Update 1: Based on the replies I have so far, and my own niggling suspicions, it seems that perhaps openRemoteSql is the culprit. I've had a closer look at it and it does fork. The problem is that it's inherited code that was written several years ago, and I'm loathe to mess with it as it has dependancies all over the place.

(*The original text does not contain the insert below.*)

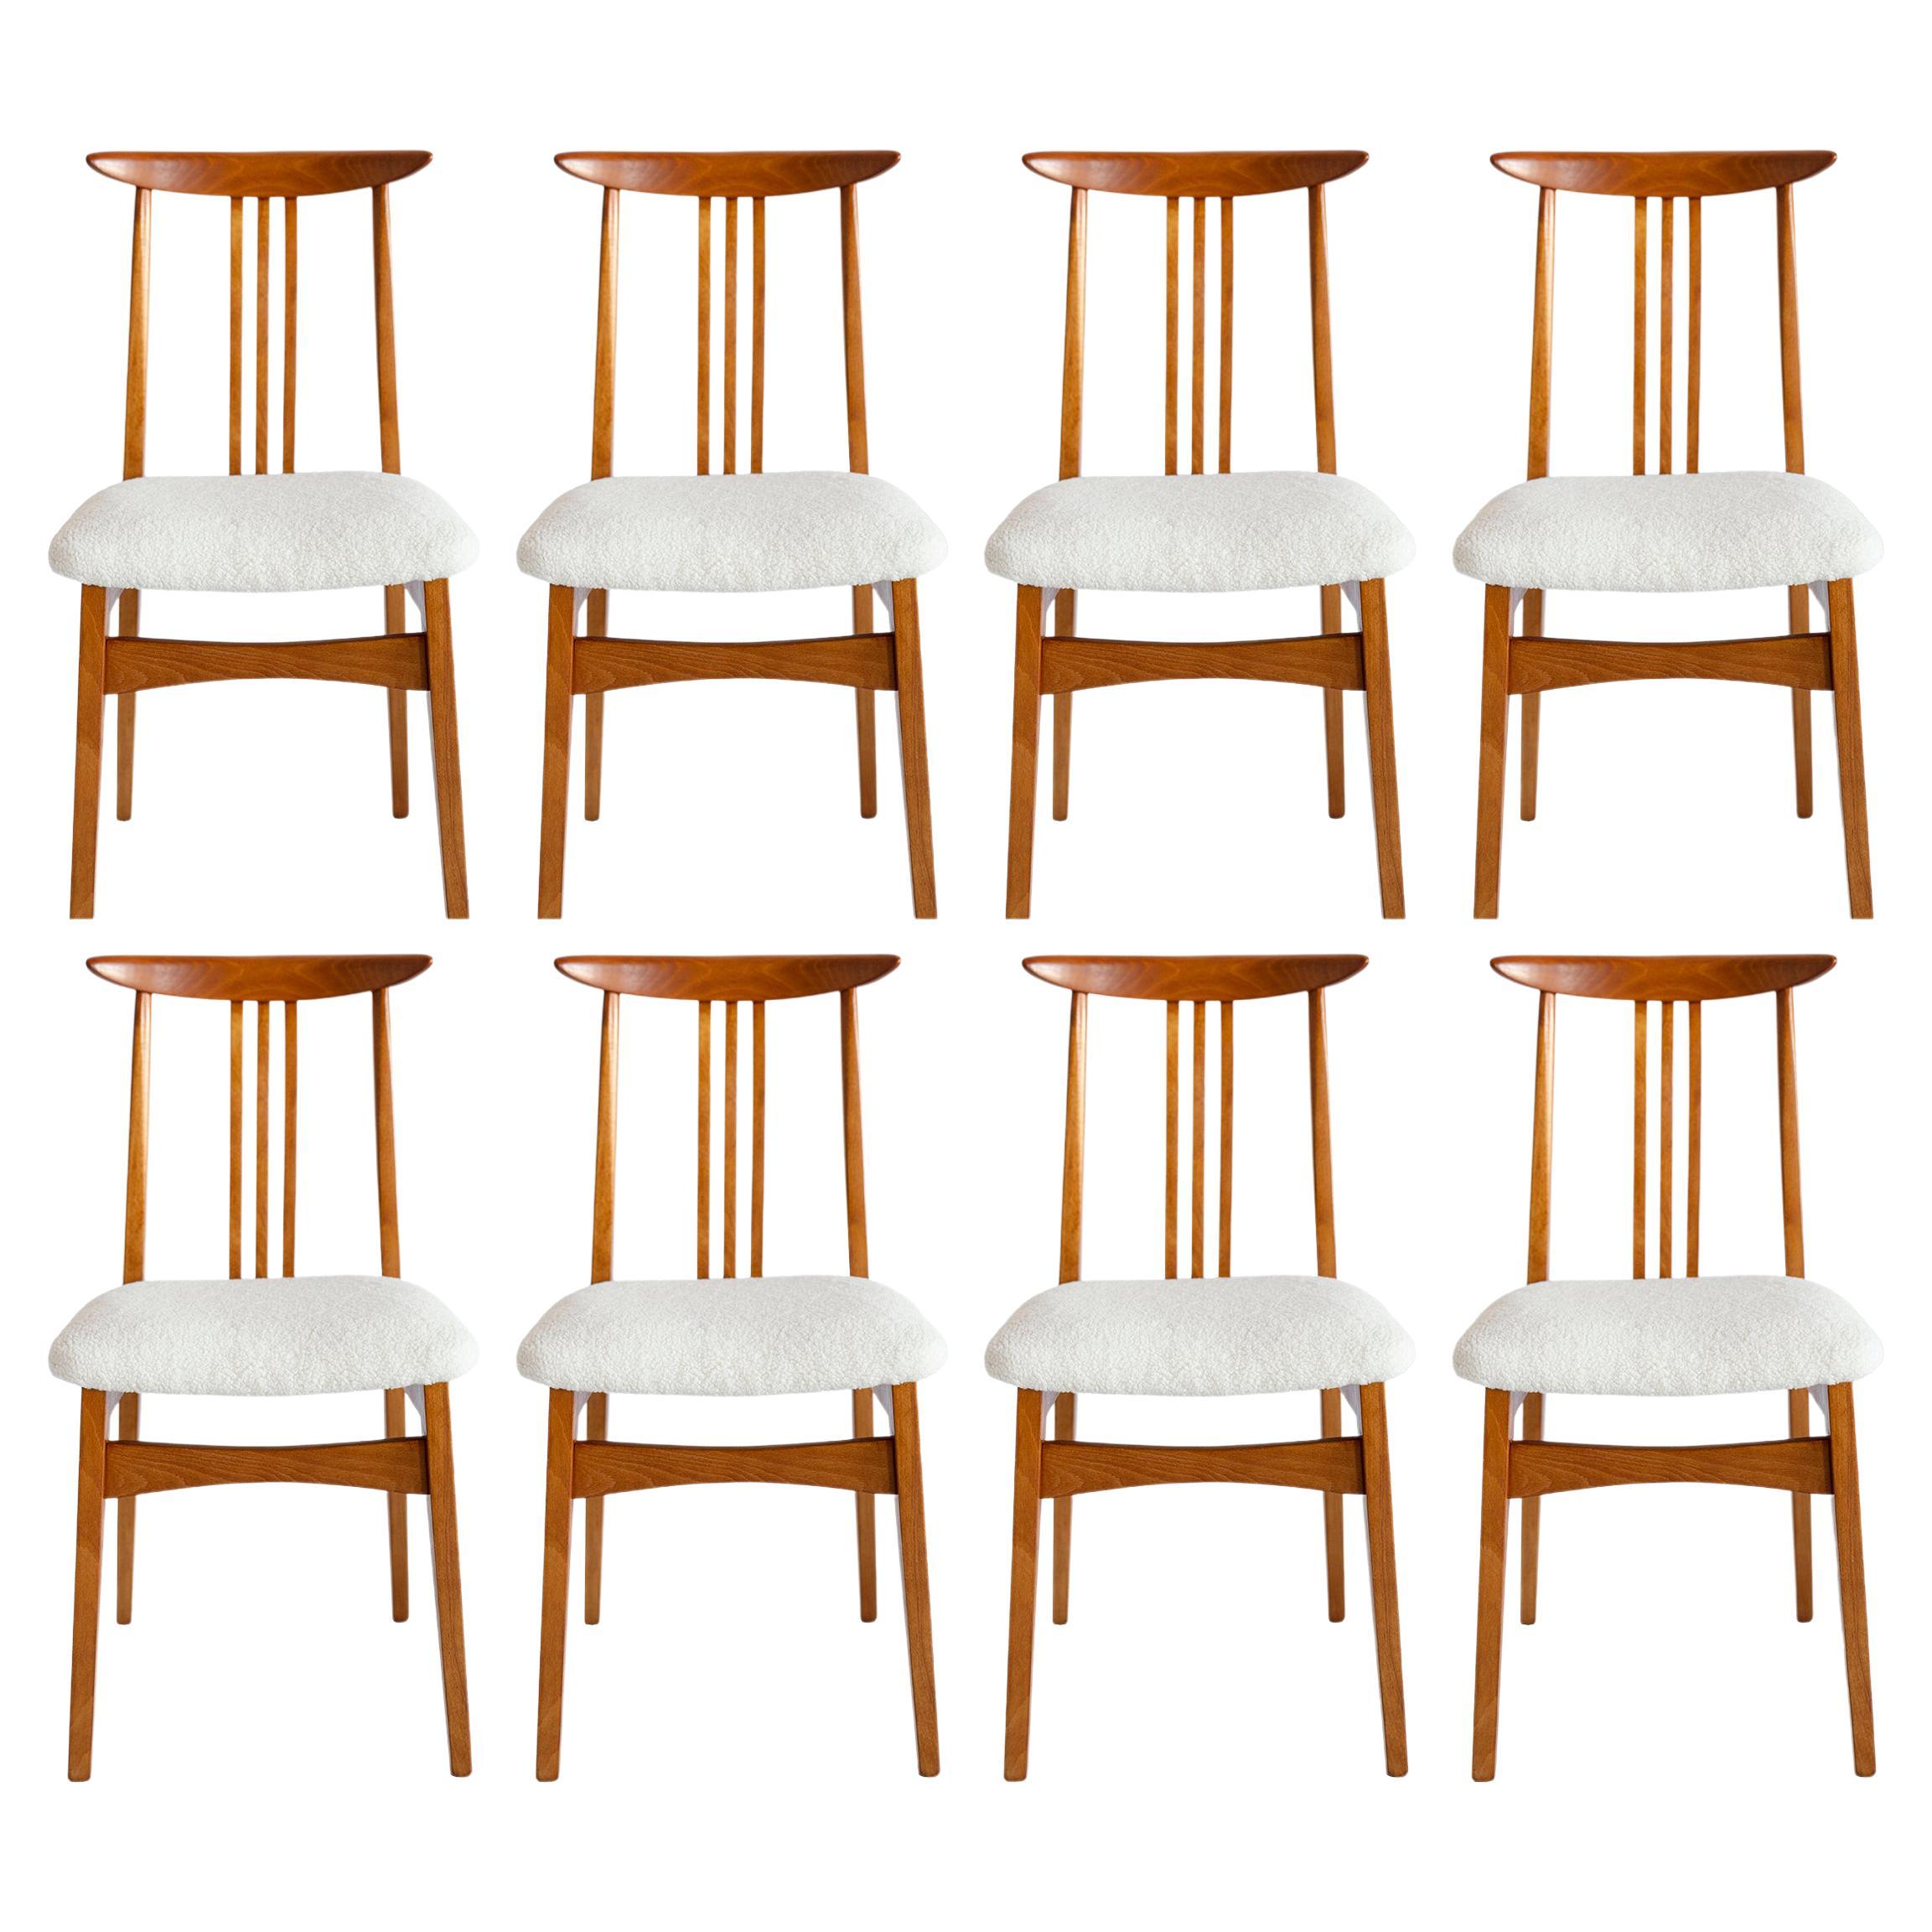 Huit chaises lumineuses en bouclette du milieu du siècle dernier, conçues par M. Zielinski, Europe, années 1960

But *sigh*.. I may have no choice - unless somebody can suggest some other workaround?

Update 2: Here is a copy of the openRemoteSql routine, and the openRemote routine that it in turn calls...

# # Use openRemote to create a tunnel to the remote mysql server. # Then try to connect to it every 3 seconds for 15 seconds (I made t +hese numbers # up ... they may need to increase for China ! ) # sub openRemoteSql { $hostname = $_[0] ; $port = $_[1] ; $user = $_[2] ; $pass = $_[3] ; # # Look for a free "port" to use $cnt = 0 ; $tmp = -1 ; while( $tmp == -1 ) { if( $cnt > 10 ) { print "can't find a free port in $_[1] .. $port\n" ; return 0; } $port = $_[1] + $cnt ; #print $port , "\n" ; $tmp = openRemote( $hostname,$port,3306,$user,$pass ) ; $cnt ++; } # # if openRemote returns '0' then the ssh failed, probably can't +contact # host or some other shyte # if( $tmp < 1 ) { return $tmp ; } $cnt = 0 ; while( $cnt < 5 ) { $db = DBI->connect("dbi:mysql:database="$remotedb";host=127.0. +0.1;port=$port", "$user", "$pass"); if( $db ) { # # Wow .. it all worked ..... # return $db ; } $cnt ++ ; sleep( 3 ) ; } closeRemote($port) ; return 0 ; }
and...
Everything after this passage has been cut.